What the answer must hold is the line containing "Барт Смит: институциональные" and all lines after it through the end of the listing, copied exactly, with pictures left out.
------ PROVIDED MATERIAL ------
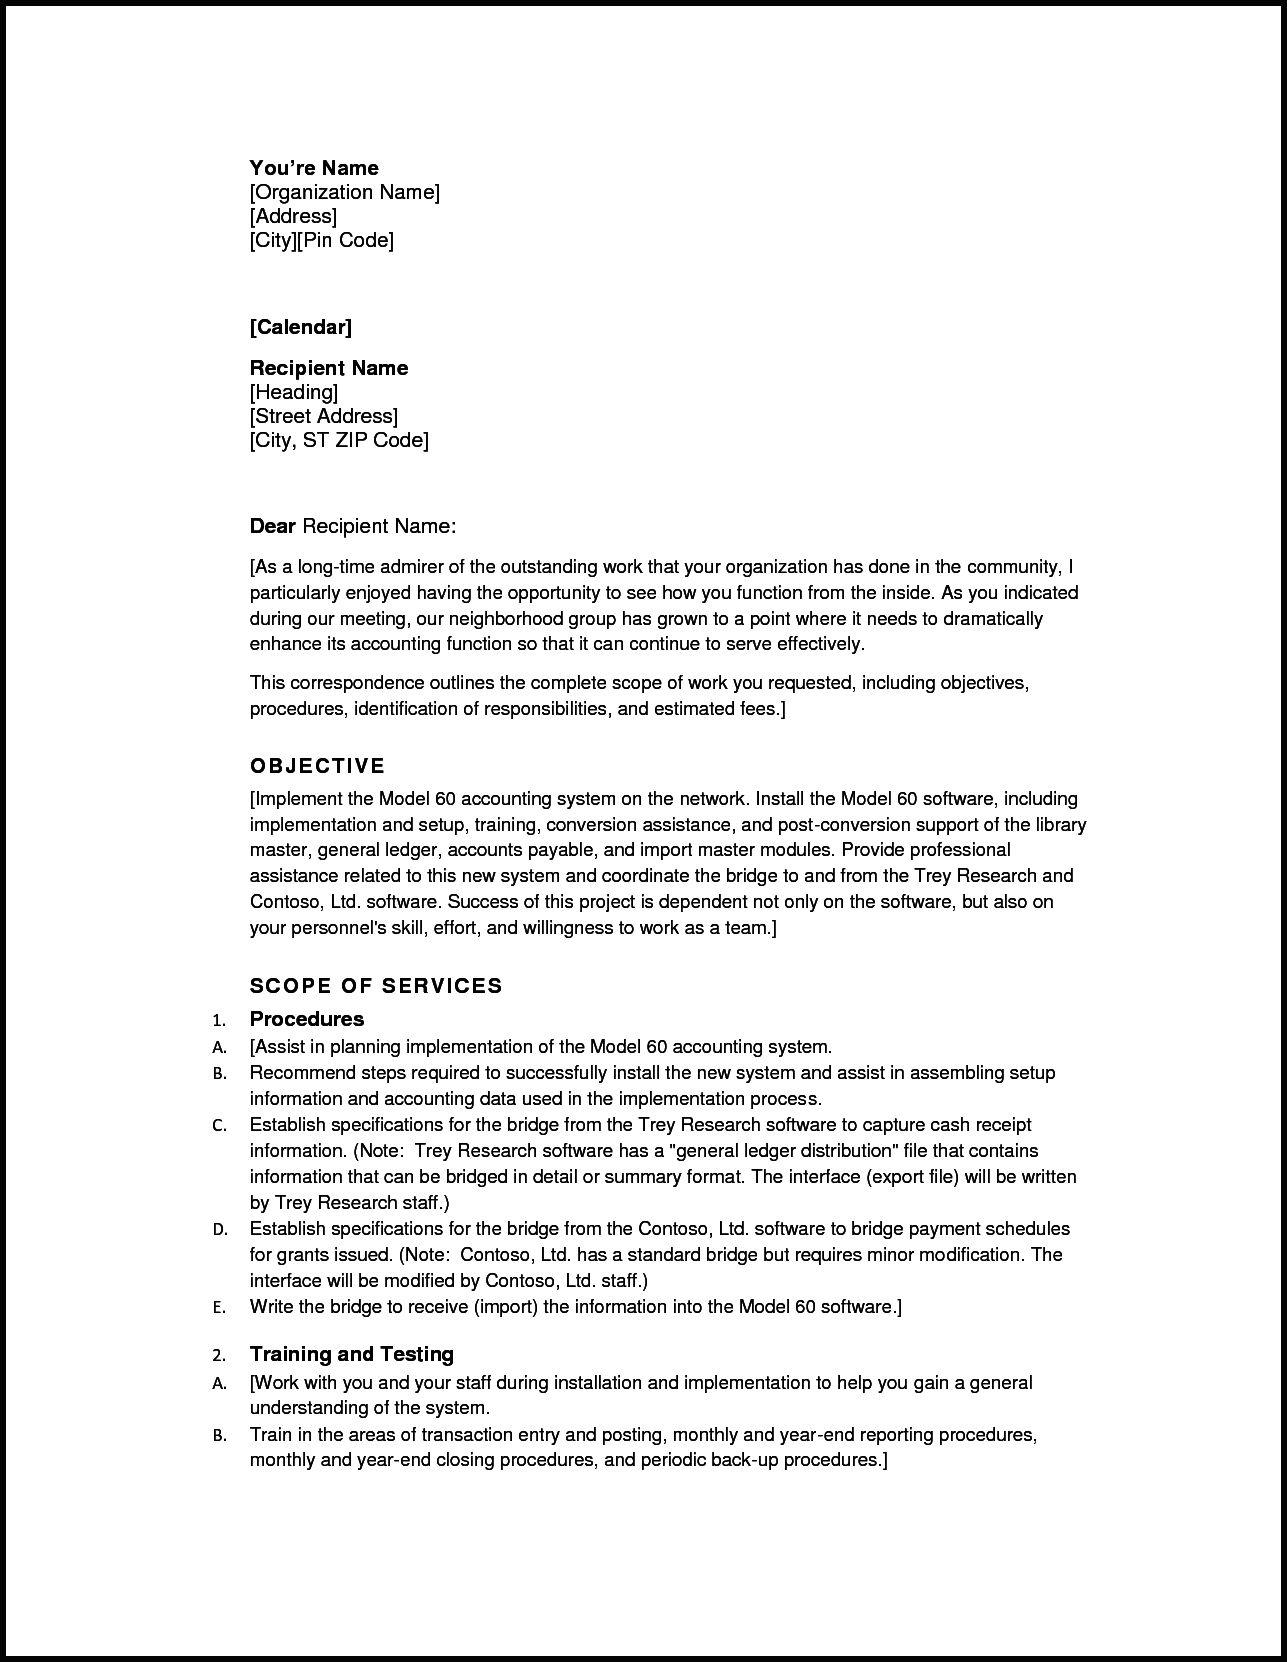 020 Sample Grant Proposal Template Bank Loan Elegant Small
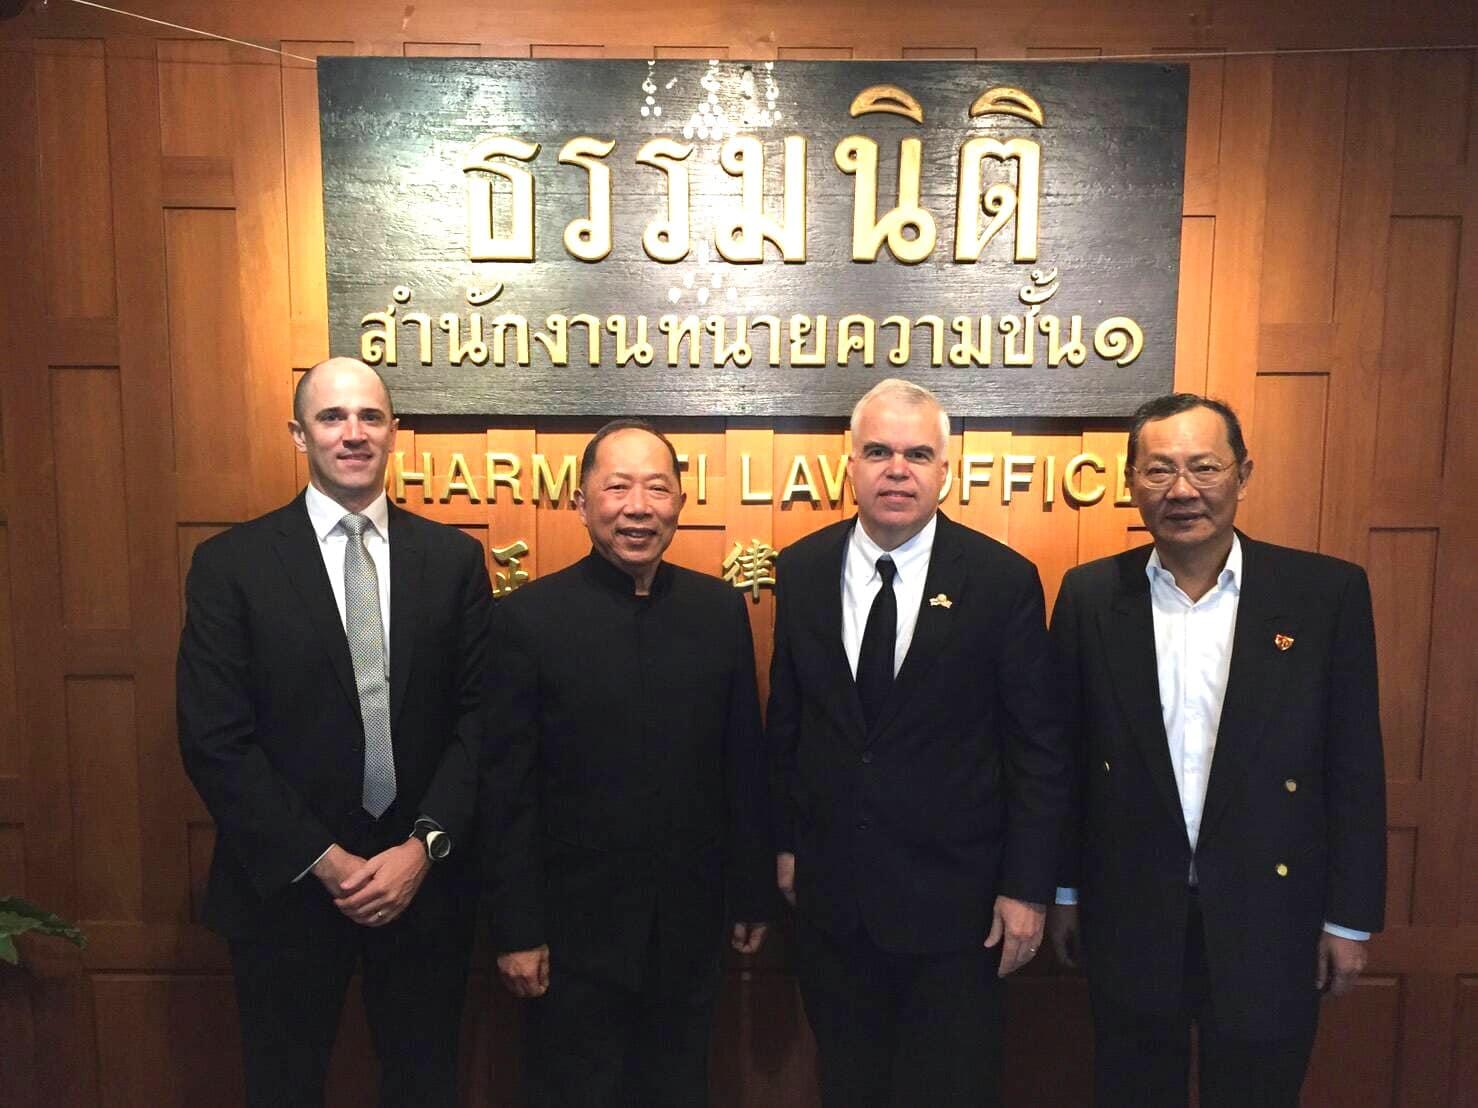 อัครราชทูตที่ปรึกษา สถานเอกอัครราชทูตสหรัฐอเมริกาประจำประเทศไทย ให้เกียรติเยี่ยมชมสำนักกฎหมายธรรมนิติ
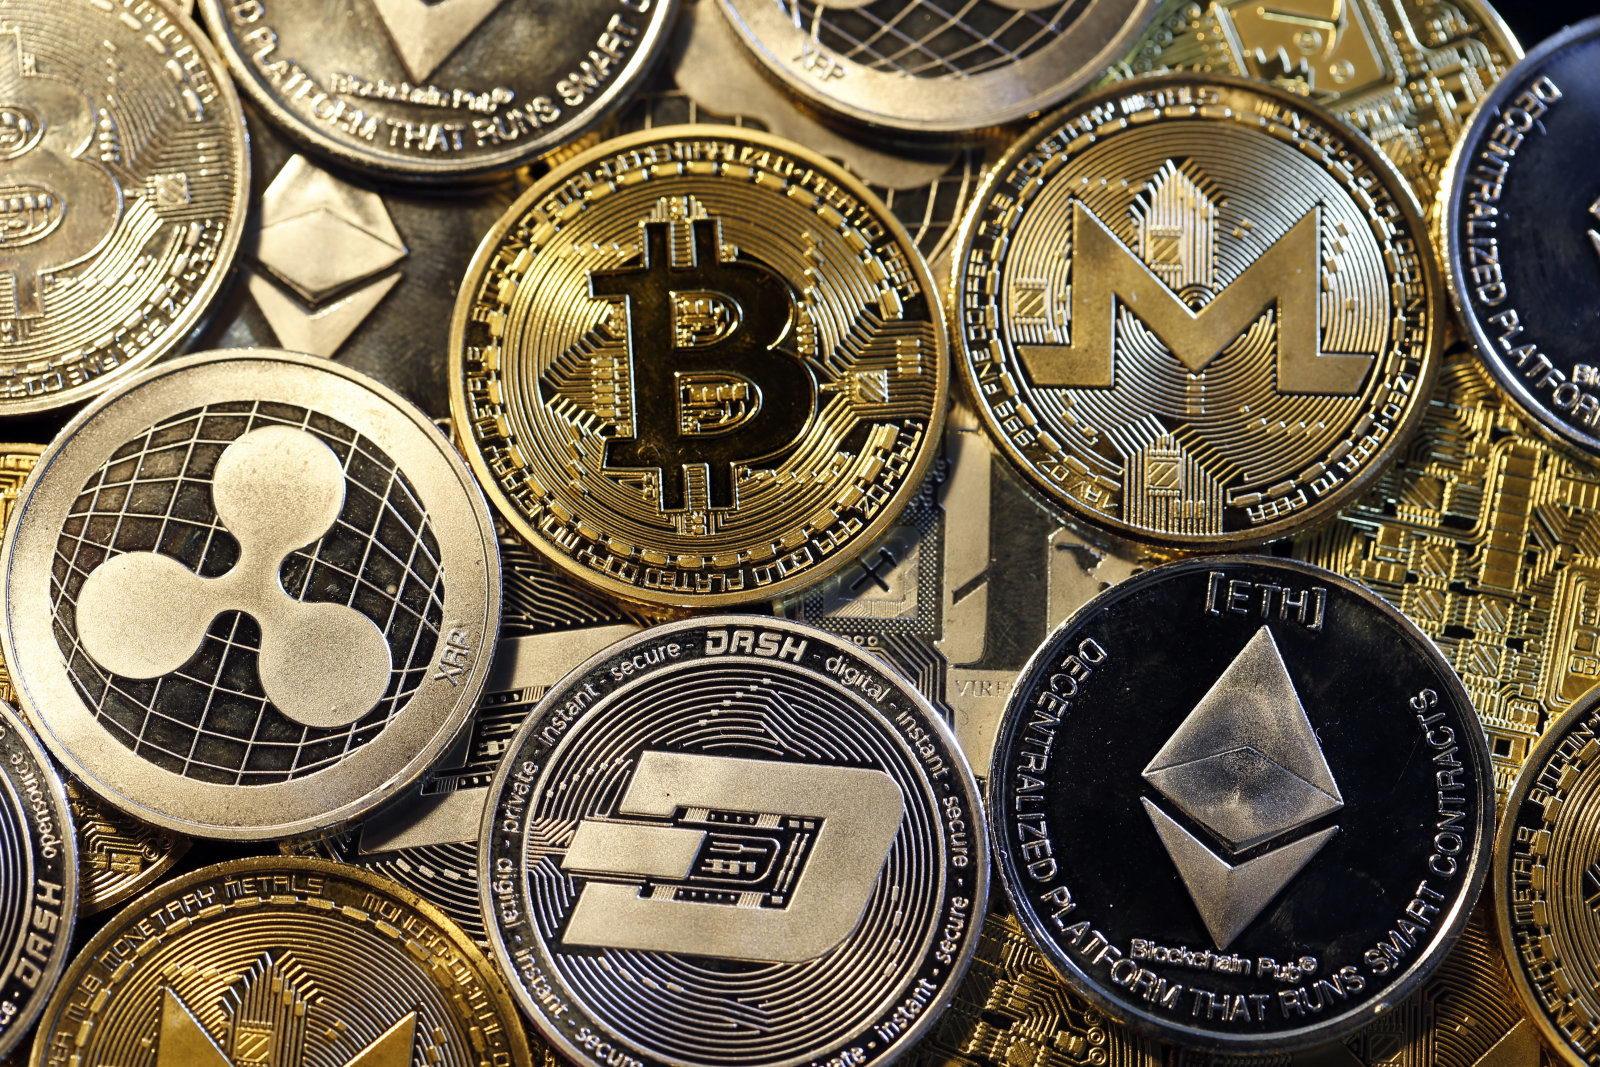 Барт Смит: институциональные инвесторы придут после регуляции криптовалют
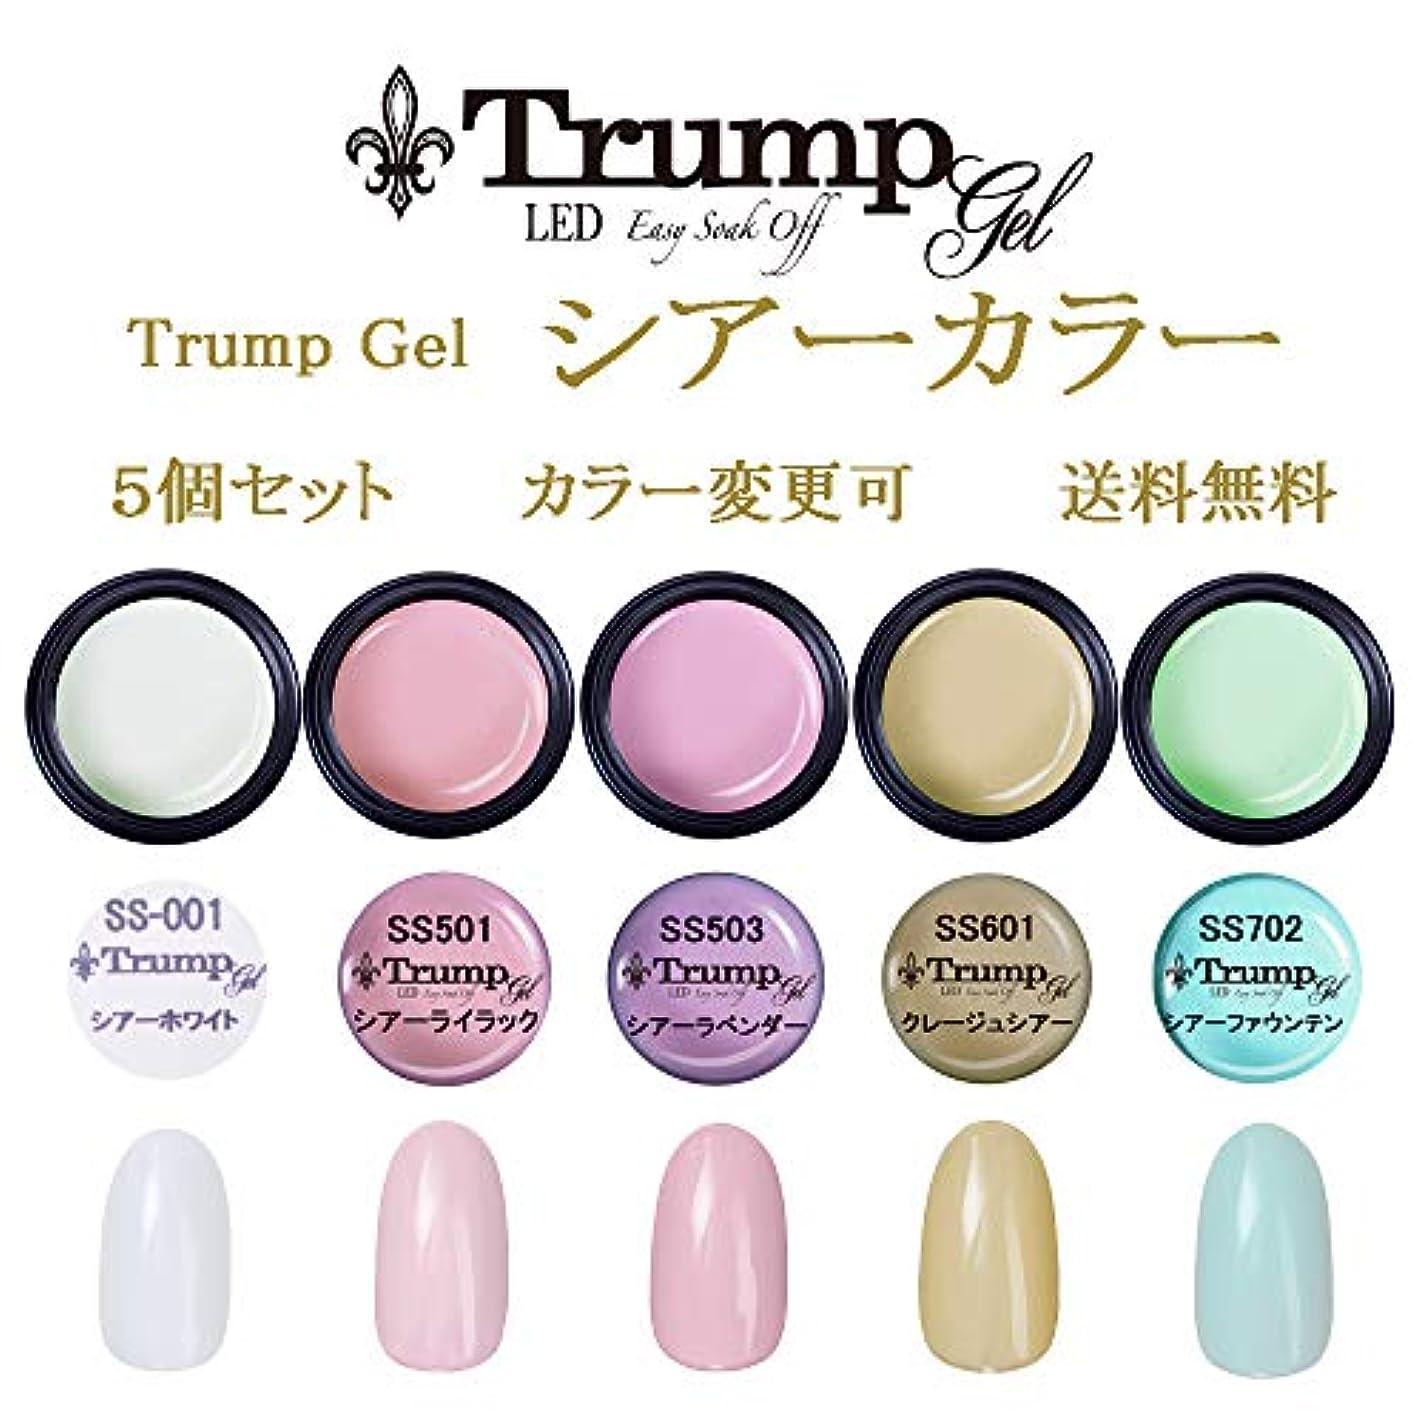 値するミュート日記日本製 Trump gel トランプジェル シアー カラージェル 選べる 5個セット ホワイト ピンク パープル イエロー ブルー
------
■ ANSWER TO THIS TASK:
 Барт Смит: институциональные инвесторы придут после регуляции криптовалют
 値するミュート日記日本製 Trump gel トランプジェル シアー カラージェル 選べる 5個セット ホワイト ピンク パープル イエロー ブルー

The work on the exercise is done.